Proof of Theorem fucofval

Step	Hyp	Ref	Expression
1		opex 5410	. . 3 ⊢ ⟨𝐶, 𝐷⟩ ∈ V
2	1	a1i 11	. 2 ⊢ (𝜑 → ⟨𝐶, 𝐷⟩ ∈ V)
3		fucofval.c	. . 3 ⊢ (𝜑 → 𝐶 ∈ 𝑇)
4		fucofval.d	. . 3 ⊢ (𝜑 → 𝐷 ∈ 𝑈)
5		op1stg 7950	. . 3 ⊢ ((𝐶 ∈ 𝑇 ∧ 𝐷 ∈ 𝑈) → (1st ‘⟨𝐶, 𝐷⟩) = 𝐶)
6	3, 4, 5	syl2anc 590	. 2 ⊢ (𝜑 → (1st ‘⟨𝐶, 𝐷⟩) = 𝐶)
7		op2ndg 7951	. . 3 ⊢ ((𝐶 ∈ 𝑇 ∧ 𝐷 ∈ 𝑈) → (2nd ‘⟨𝐶, 𝐷⟩) = 𝐷)
8	3, 4, 7	syl2anc 590	. 2 ⊢ (𝜑 → (2nd ‘⟨𝐶, 𝐷⟩) = 𝐷)
9		fucofval.e	. 2 ⊢ (𝜑 → 𝐸 ∈ 𝑉)
10		fucofval.o	. 2 ⊢ (𝜑 → (⟨𝐶, 𝐷⟩ ∘F 𝐸) = ⚬ )
11		fucofval.w	. 2 ⊢ (𝜑 → 𝑊 = ((𝐷 Func 𝐸) × (𝐶 Func 𝐷)))

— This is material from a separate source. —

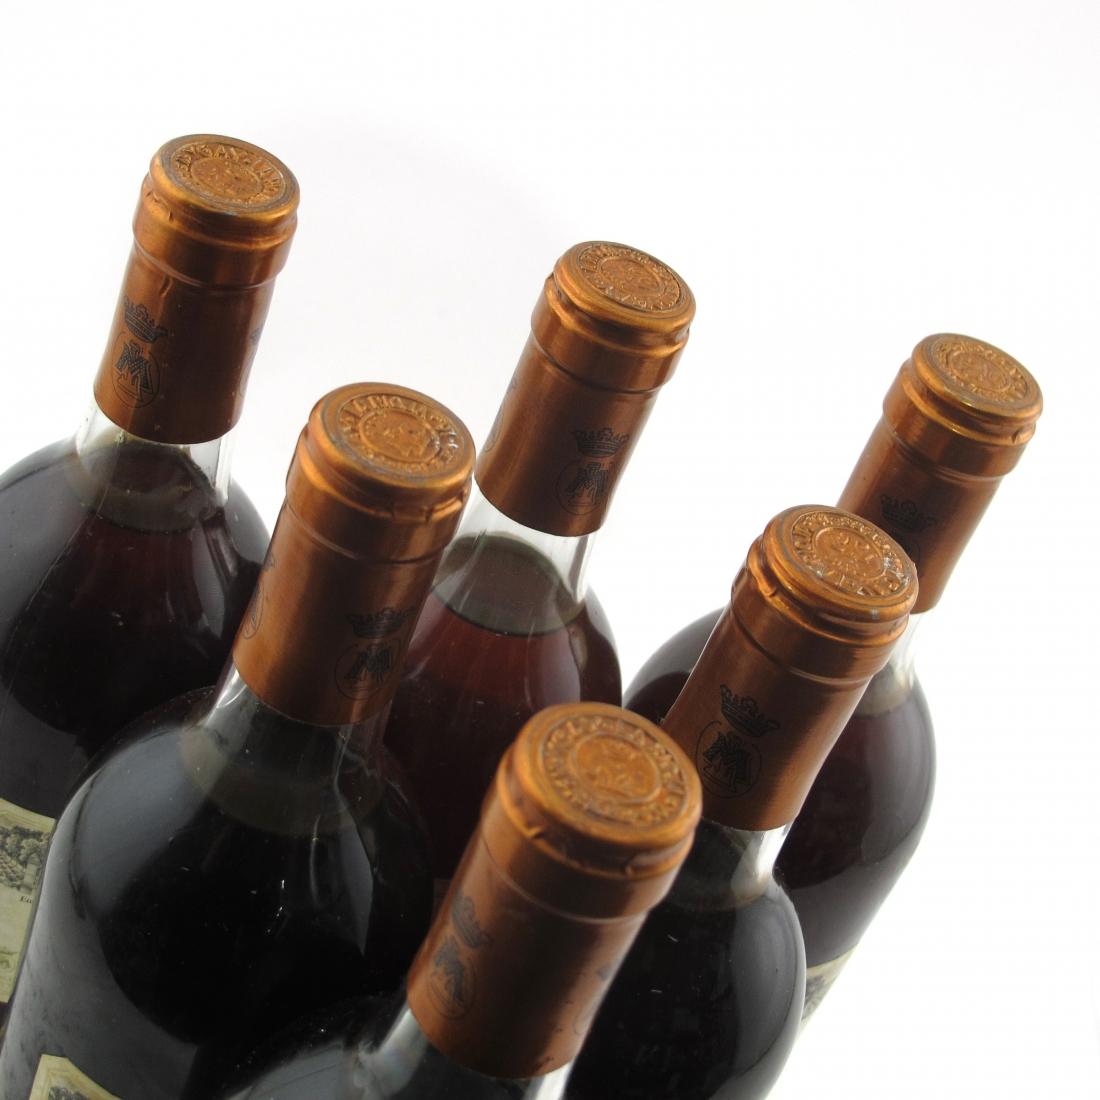 Marques De Murrieta 1986 Rioja Blanco Reserva 6x75cl

12	2, 6, 8, 9, 10, 11	fucofvalg 49815	1 ⊢ (𝜑 → ⚬ = ⟨( ∘func ↾ 𝑊), (𝑢 ∈ 𝑊, 𝑣 ∈ 𝑊 ↦ ⦋(1st ‘(2nd ‘𝑢)) / 𝑓⦌⦋(1st ‘(1st ‘𝑢)) / 𝑘⦌⦋(2nd ‘(1st ‘𝑢)) / 𝑙⦌⦋(1st ‘(2nd ‘𝑣)) / 𝑚⦌⦋(1st ‘(1st ‘𝑣)) / 𝑟⦌(𝑏 ∈ ((1st ‘𝑢)(𝐷 Nat 𝐸)(1st ‘𝑣)), 𝑎 ∈ ((2nd ‘𝑢)(𝐶 Nat 𝐷)(2nd ‘𝑣)) ↦ (𝑥 ∈ (Base‘𝐶) ↦ ((𝑏‘(𝑚‘𝑥))(⟨(𝑘‘(𝑓‘𝑥)), (𝑘‘(𝑚‘𝑥))⟩(comp‘𝐸)(𝑟‘(𝑚‘𝑥)))(((𝑓‘𝑥)𝑙(𝑚‘𝑥))‘(𝑎‘𝑥))))))⟩)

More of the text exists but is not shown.